= Joseph Herrick =

American law enforcement officer

Coat of Arms of Joseph Herrick

Joseph Herrick (August 6, 1645 – ca. 1717) was the principal law enforcement officer in Salem, Massachusetts during the Salem Witchcraft Trials of 1692. Joseph, it was believed, was the son of Henry Herrick, who was the fifth son of Sir William Herrick (Heyricke or Eyrick) of Beaumanor Park, in the parish of Loughborough, in the county of Leicester, England. Recent research indicates that Joseph is the son of a different Henrie Hericke, who also immigrated to America, possibly a cousin of the Henry Heyricke of Beaumanor. Henry Heyricke of Beaumanor owned land Poquosin Creek, York Co., Virginia. He is noted in various records from 1640 to 1659. His location after 1659 has not been discovered.
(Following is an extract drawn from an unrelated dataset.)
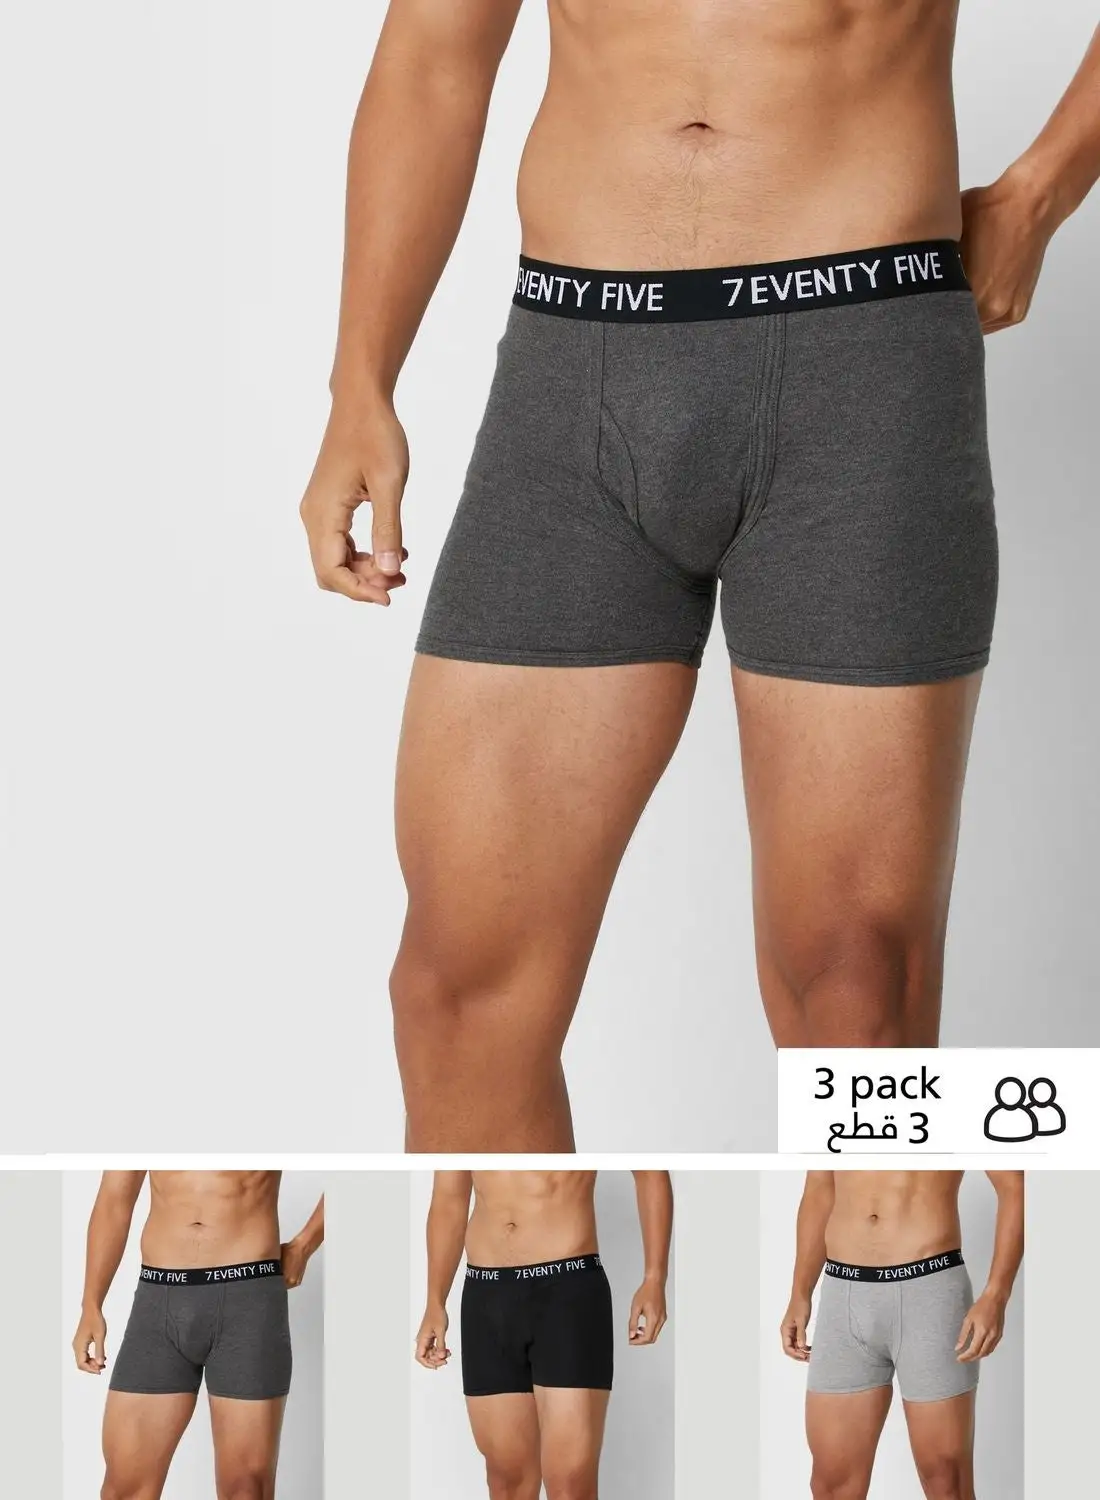 Seventy Five 3 Pack Waist Band Trunks With Antibacterial Finish

He served in the House of Burgesses in 1644–45.

Henry Hericke, progenitor of most of the Herricks in America, migrated to Salem in 1629 as a member of Higginson's fleet. Joseph, Henry's 4th son, was married to Sarah, the daughter of Richard Leach, on February 7, 1667. He was referred to as governor, which means he had probably been in command of a military district at some point, or perhaps he had been the magistrate of a West Indies colony. His descendants were large in number, and have held many important positions.

Joseph Herrick was a soldier during King Philip's War. In 1692, at age forty-seven, he was a corporal in the village militia. He was the constable of Salem, and, as such, central to the proceedings in the witchcraft trials. At the beginning he was persuaded by the accusers; but by the end he had become a skeptic. In one of the cases, he became an advocate for an accused person, which was probably quite dangerous; and in the end he was a leader in the opposition movement. His parents are mentioned in a court record to have been fined "for aiding and comforting an excommunicated person, contrary to order."